Id	Col1	Col2	Col3	Col4
1	W	X	Y	Z

Would become:

ID	measure	value
1	Col1	W
1	Col2	X
1	Col3	Y
1	Col4	Z

Using a matrix you would put the ID column on the rows, the measure column on the cross tab section, and value in the data section of the matrix object. Now it wouldn’t matter if the column names changed, if new columns were added or old ones removed from the source table. The 3 columns outputted by the pivot query would remain and the matrix report will adapt accordingly. The pivot/unpivot command to do the above would look like this:

SELECT ID, measure, value
FROM( SELECT id, col1, col2, col3, col4, col5 FROM error_feed1) p
UNPIVOT( VALUE FOR measure IN (col1, col2, col3, col4, col5)) AS unpvt

The columns are now dynamic, which solves half the problem. But the FROM clause uses specific column and table names, meaning this metatdata needs to be known in advance and hardcoded into the SSRS dataset query. Which brings us back to our original problem – we cannot hard code these values because they are constantly changing.

In order to get around this problem I decided to have the dataset be the result of a stored procedure. I can then have greater flexibility in manipulating the data, so long as I return a result set to SSRS at the end, and always with the same column names returned.

The proc accepts one parameter - the feed name, to be supplied by the user running the report using a standard SSRS drop down.

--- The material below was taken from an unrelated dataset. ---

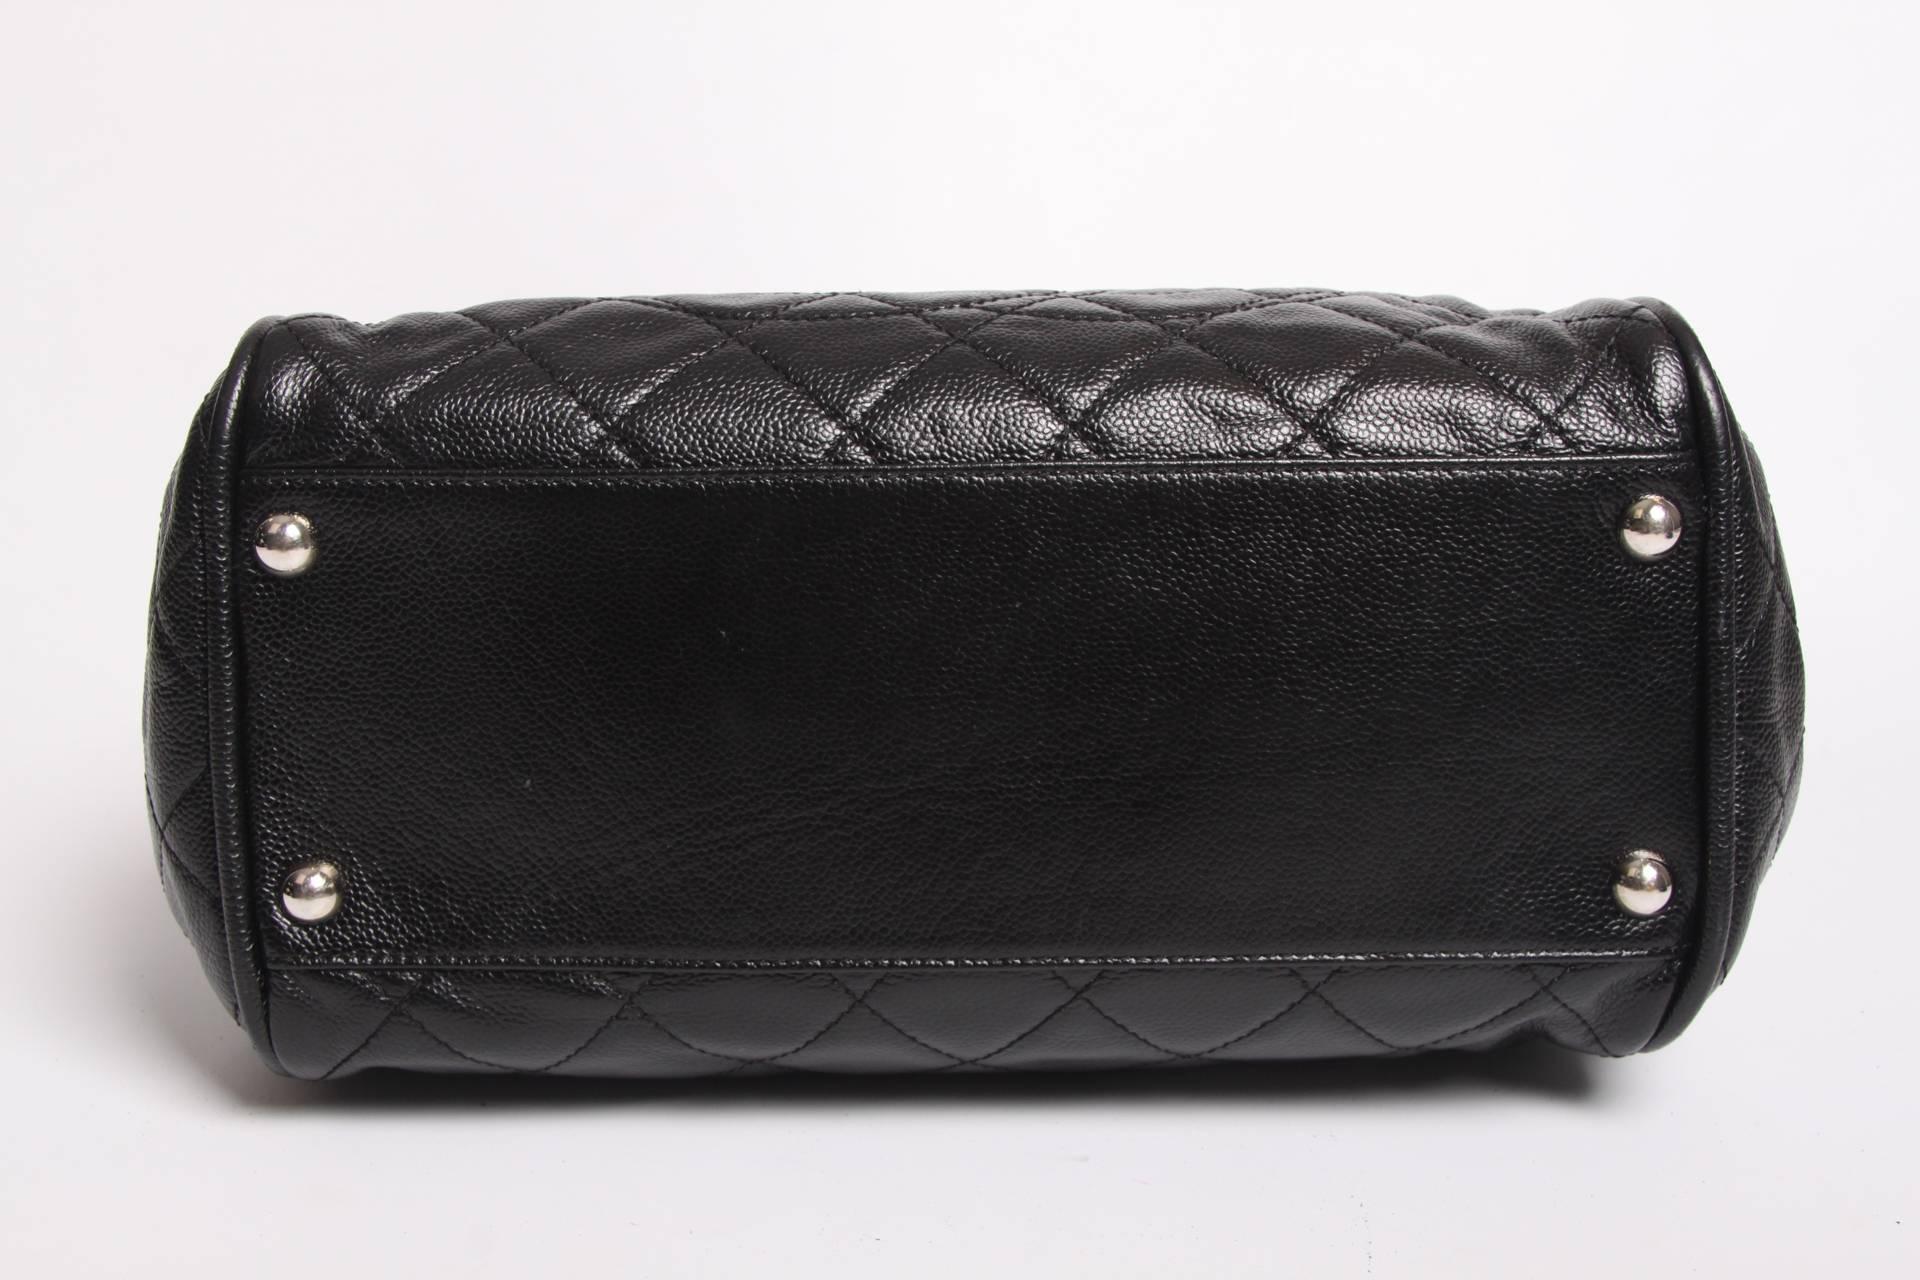 Chanel shopper in a rather large size, crafted in black caviar leather with silver-tone hardware. 

This bag is fully quilted and has a 2-way zipper on top for closures. At the front a large stitched interlocking CC logo. Two supple handles that

The proc itself makes use of the sysobjects and syscolumns system tables to get the full list of columns for any given table:

SELECT      c.name
FROM        sys.columns c
INNER JOIN sys.objects o
      ON    c.object_id = o.object_id
WHERE       type = 'U'
      AND   o.name LIKE @TableNameORDER BY    c.column_id

name
------------
id
col1
col2
col3
col4

Once the table name has been supplied (as a parameter in the SSRS report), dynamic sql can be leveraged to query the system tables and use the results to build a string containing the required sql PIVOT command, with all the relevant column names for any given table.

Once the string variable is populated with the sql script it is then executed, returning a result set of just 3 columns; the same 3 columns - ID, measure and value - regardless of the table being queried. The actual code code of the proc is below:

This result set is all that the SSRS queryset would ever see, and the column names would always be the same 3 named columns, regardless of the feed selected by the user. Setting up the SSRS matrix object in the manner suggested above would then display the contents of the table as normal – effectively doing a PIVOT to counter the UNPIVOT done in the stored procedure.

We now only need one single SSRS report to display data from any database table the user selects from the feed list in the parameter drop down - much simpler than dozens of different reports, or dozens of datasets and playing with visibility settings etc.